This is the latest in our Get Legal column sponsored by Portland law firm Thomas, Coon, Newton & Frost.
In our current era of widespread “stay home” orders, heading out for a neighborhood walk or jog is among the few available forms of exercise. With relatively high volumes of sidewalk traffic, and a desire to maintain appropriate social distances, many people find it necessary to divert from the sidewalk and walk or run, at least temporarily, in the roadway. People on foot have ample right-of-way protections on sidewalks and when using marked or unmarked crosswalks.
However, when walkers stroll into the roadway, their rights with respect to other road users diminish significantly.
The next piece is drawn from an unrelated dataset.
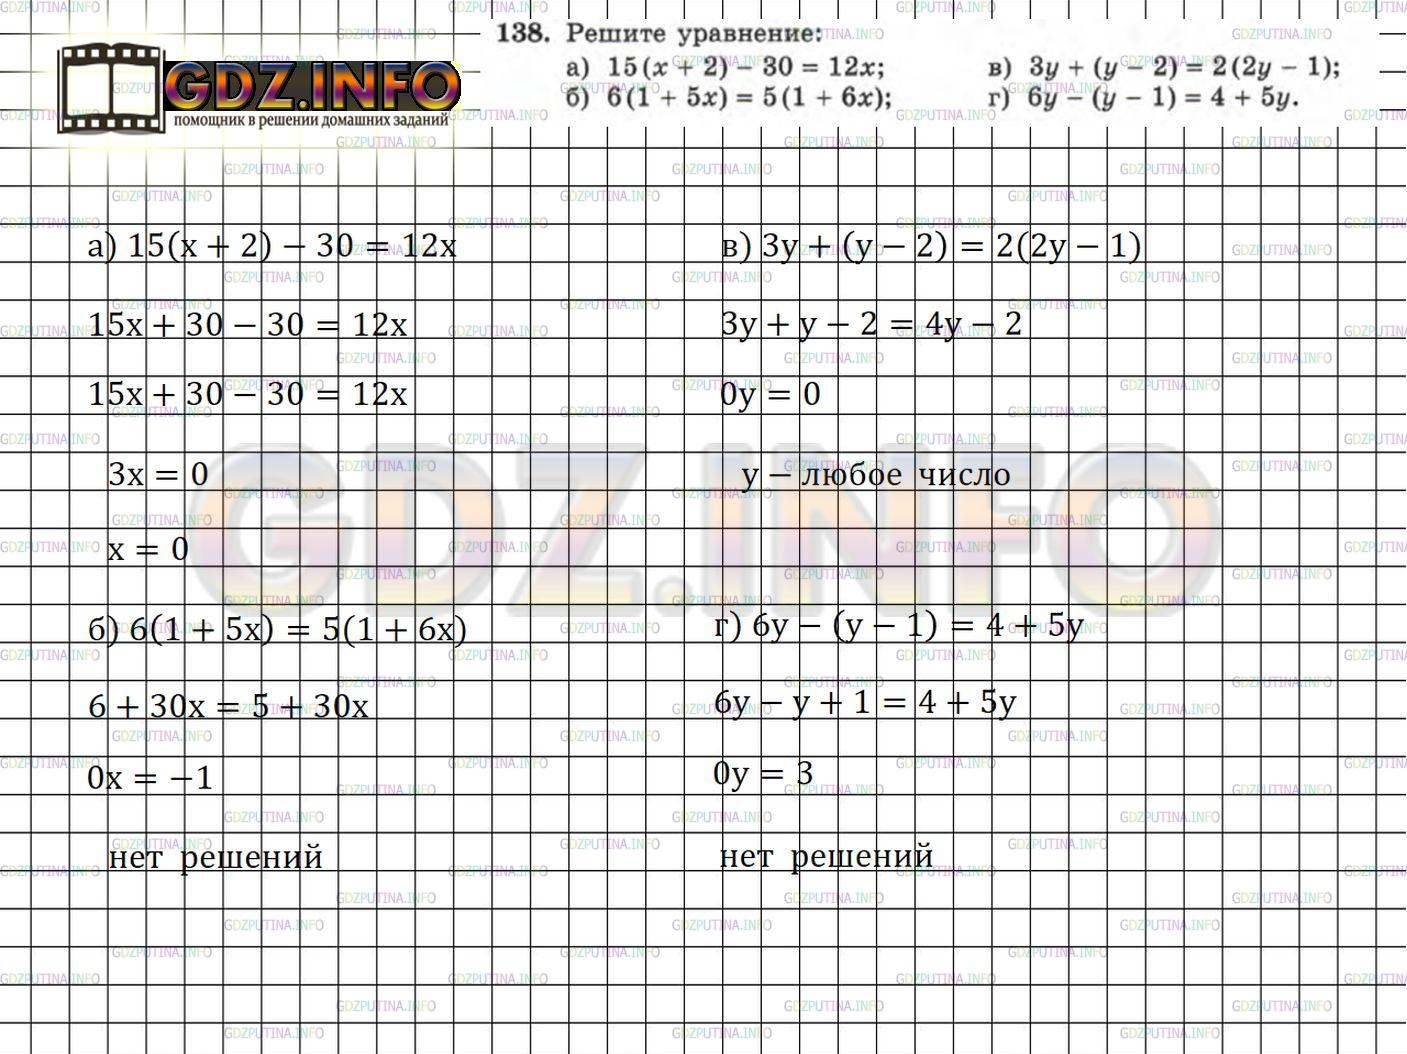 Фото решения 5: Номер задания №138 из ГДЗ по Алгебре 7 класс: Макарычев Ю.Н. г.
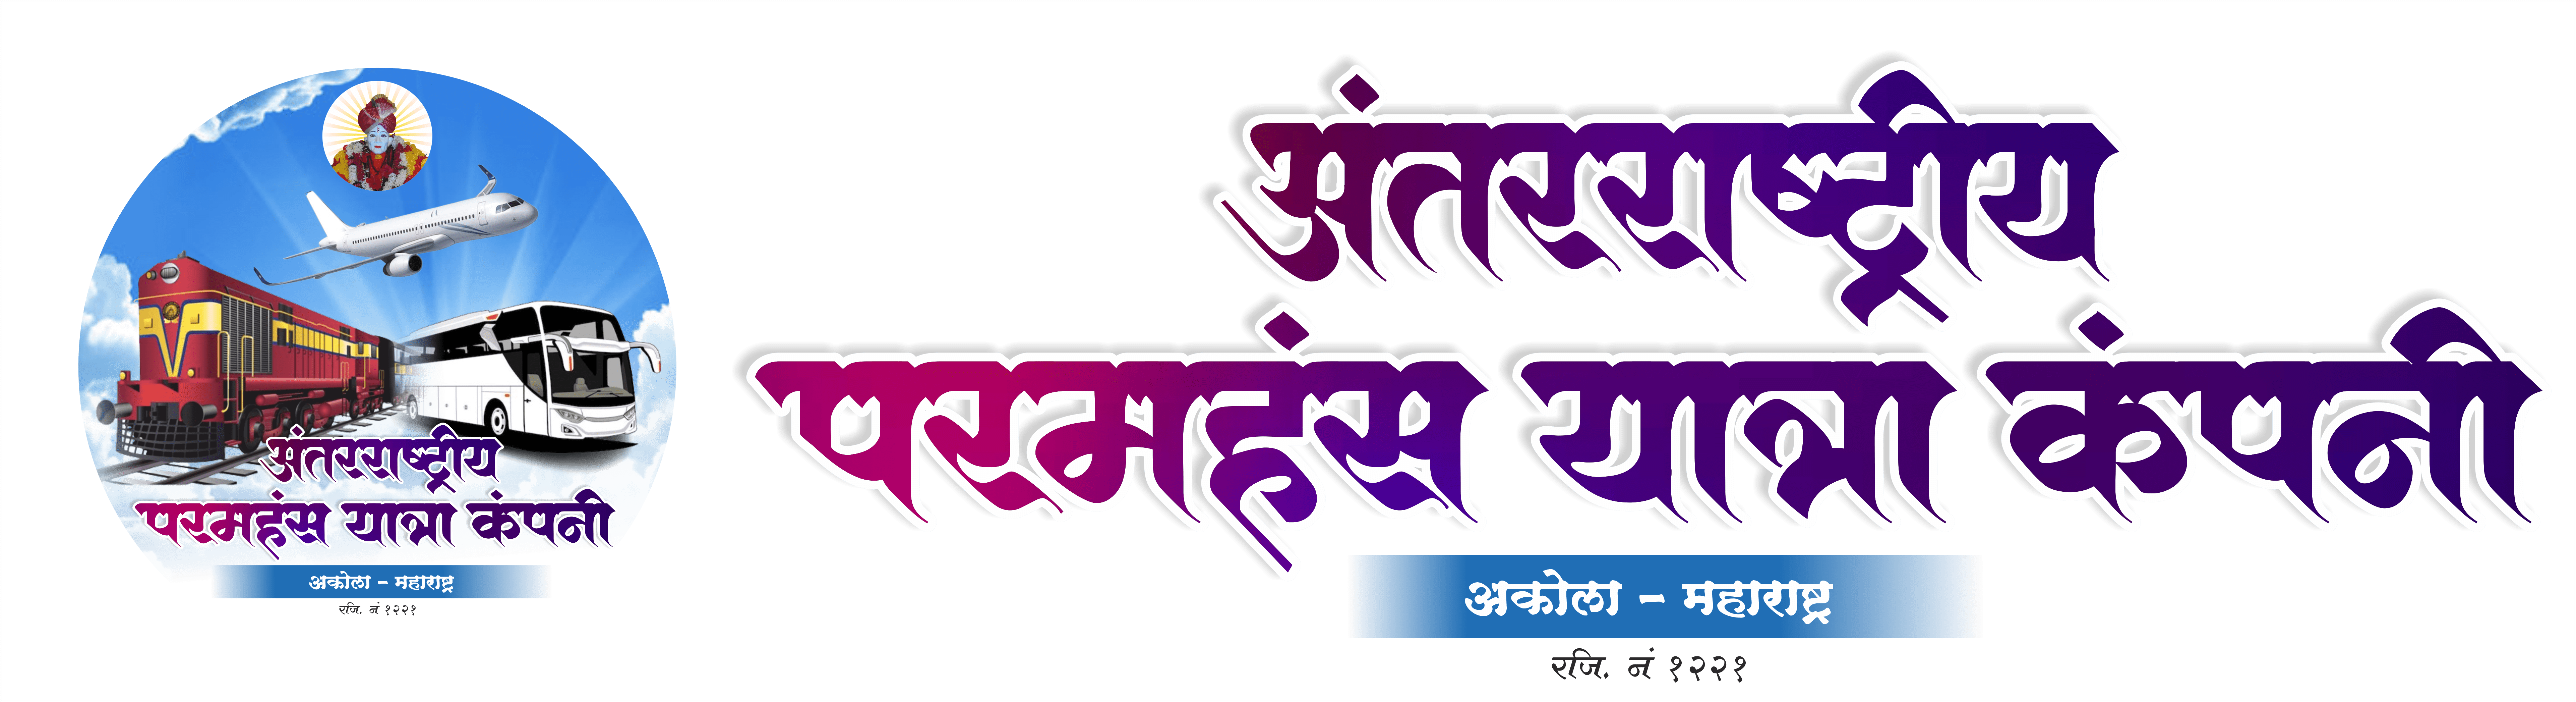 Paramhans Yatra Company

Oregon Revised Statute (ORS) 814.070, “Improper position upon or improperly proceeding along highway,” is a pedestrian-equivalent to Oregon’s “mandatory side path law” for bicyclists. Just as ORS 814.420 requires bicycle riders to use a bicycle lane when one is available (subject to several important exceptions), ORS 814.070 prohibits people on foot from, “Tak[ing] a position upon or proceed[ing] along and upon the roadway where there is an adjacent usable sidewalk or shoulder.”
“While pedestrians enjoy significant right-of-way protections on the sidewalk and in crosswalks, when otherwise travelling in the roadway they must yield to vehicle users, including drivers and bicycle riders.”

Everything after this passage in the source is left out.